The process of hydraulic fracturing provides an innovative way to extract natural gas out of the ground.  Shale is a type of rock that commonly holds natural gas.  It forms in relatively thin sheet like layers but is good for containing natural gas due to its impermeability.  This means fluids cannot pass through this layer in the ground.  A small amount of explosives are used to crack open the shale rock.  Sand is then placed into those cracks to keep the rock open long enough to extract the gas within it.  

A process like this may seam rather simple, but a certain type of sand must be used in order for this to work properly.  The sand grains must be about the same size, otherwise the opening in the rock will not be the same throughout the fracture.  The sand grains must also be well rounded.  If angular grains are sent into a fracture,  the grains may be wedged in the opening at an obscure angle, which would also cause the opening to be irregular.  Each sand grain must also have a relatively high strength to them.  The shale rock that the sand is being sent to is relatively deep in the ground and feels a lot of pressure from the overlying rock.  This high pressure could cause the opening to collapse if the sand grains are not strong enough to hold it open.  On Moh's hardness scale, the mineral quartz is about a 7 (the highest value is 10).  This mineral provides the strength needed to keep a fractured shale open.  The Cambrian and Ordovician aged sand, most commonly from the Jordan Sandstone and the Mt.
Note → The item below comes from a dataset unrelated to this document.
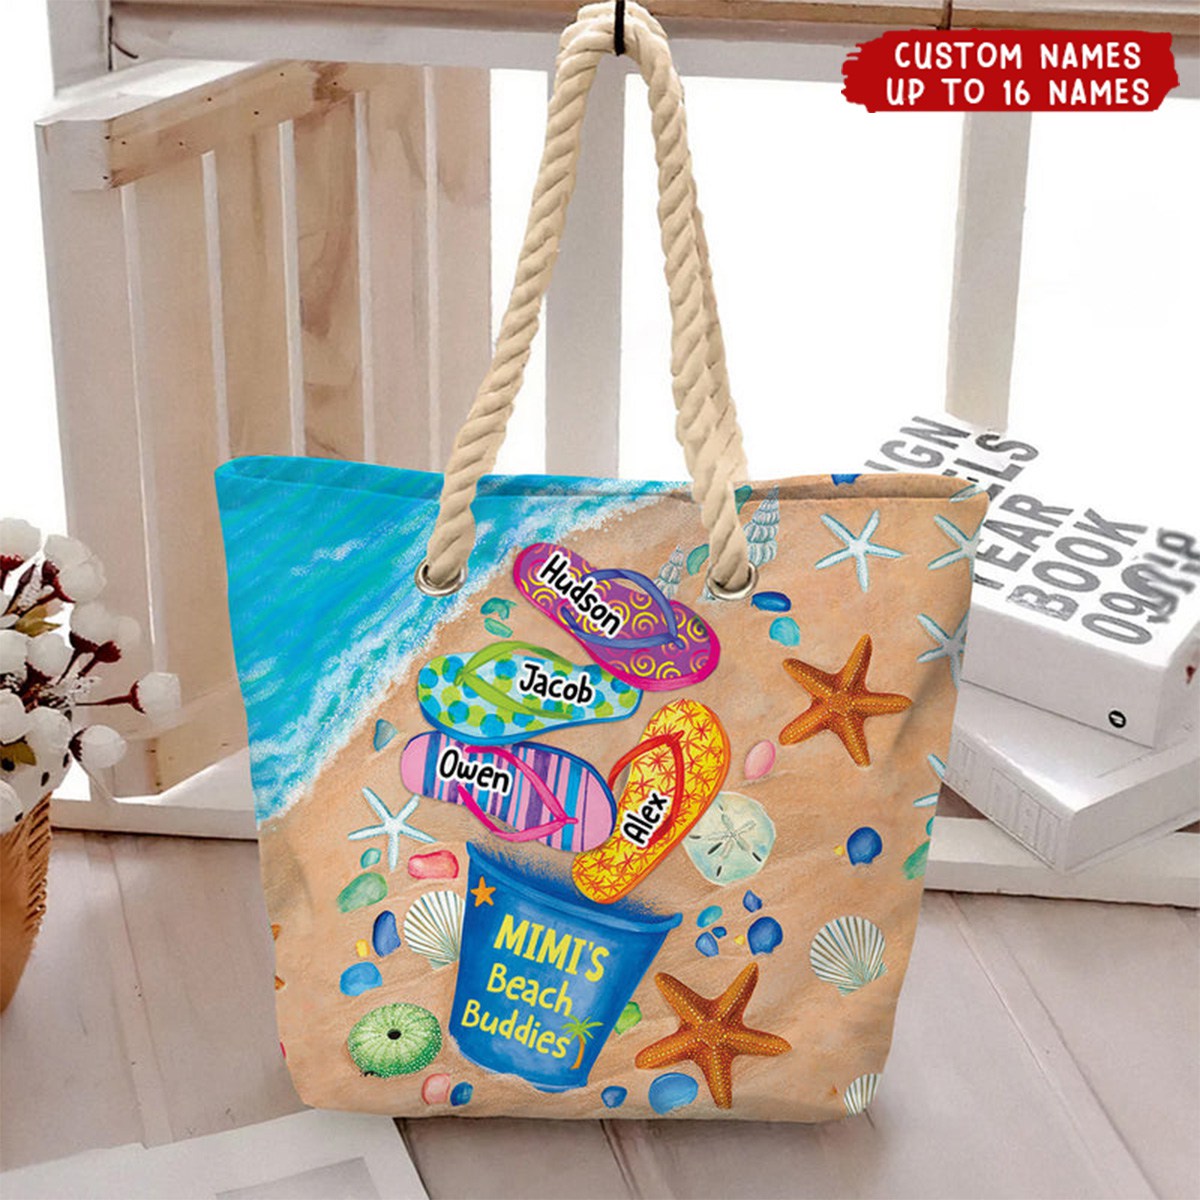 Nana's Beach Buddies Summer Flip Flop - Personalized Beach Bag - Gift for Grandmas Moms Aunties

Simon Formation, found in western Wisconsin fulfills these criteria pretty well.

Even though hydraulic fracturing appears to be a solution towards our high need for energy, there are environmental impacts to consider.  Any type of mining takes a toll on the air quality in surrounding areas.  The chemicals used at a mine site may become airborne and blow to surrounding residential areas.  The dust from blasting at a site may also get carried to residential areas.  A fluid is used to help get the sand grains wedged into the cracks of the shale rock.  People worry that this fluid gets into the ground water when sending it down into the ground and bringing it back up to the surface.  Some people believe that this fluid affects their drinking water and that they may be ingesting chemicals from this process.  This fracking fluid may also be harmful to the environment because of the chemicals that it contains.  It is possible to have this fluid enter surface water in streams, rivers, or lakes.  Heavy research is done to look for biodegradable chemicals to use.  Great caution and intense reclamation is done as well to ensure safety for the environment.
Another issue is the affect that transportation of the sand has on the environment.  Large trucks are needed to transport the sand from the mining site to the railroad where the sand is further transported.  The roads that the trucks travel need to be replaced more often than normal roads due to the heavy loads that are transported along that route.  This can get expensive for the state if many roads need replacing often.

GIS can be used to help solve some of these issues.  Through this program, we can explore the areas subjected to environmental impacts, monitor how water flows in and around the mining site, and look at how the roads are affected by transportation.


I am a geology major at the University of Wisconsin-Eau Claire.  Kent Syverson is the leading professor in the geology department who studies hydraulic fracturing and sand mining.  My knowledge of the material comes from his various teachings.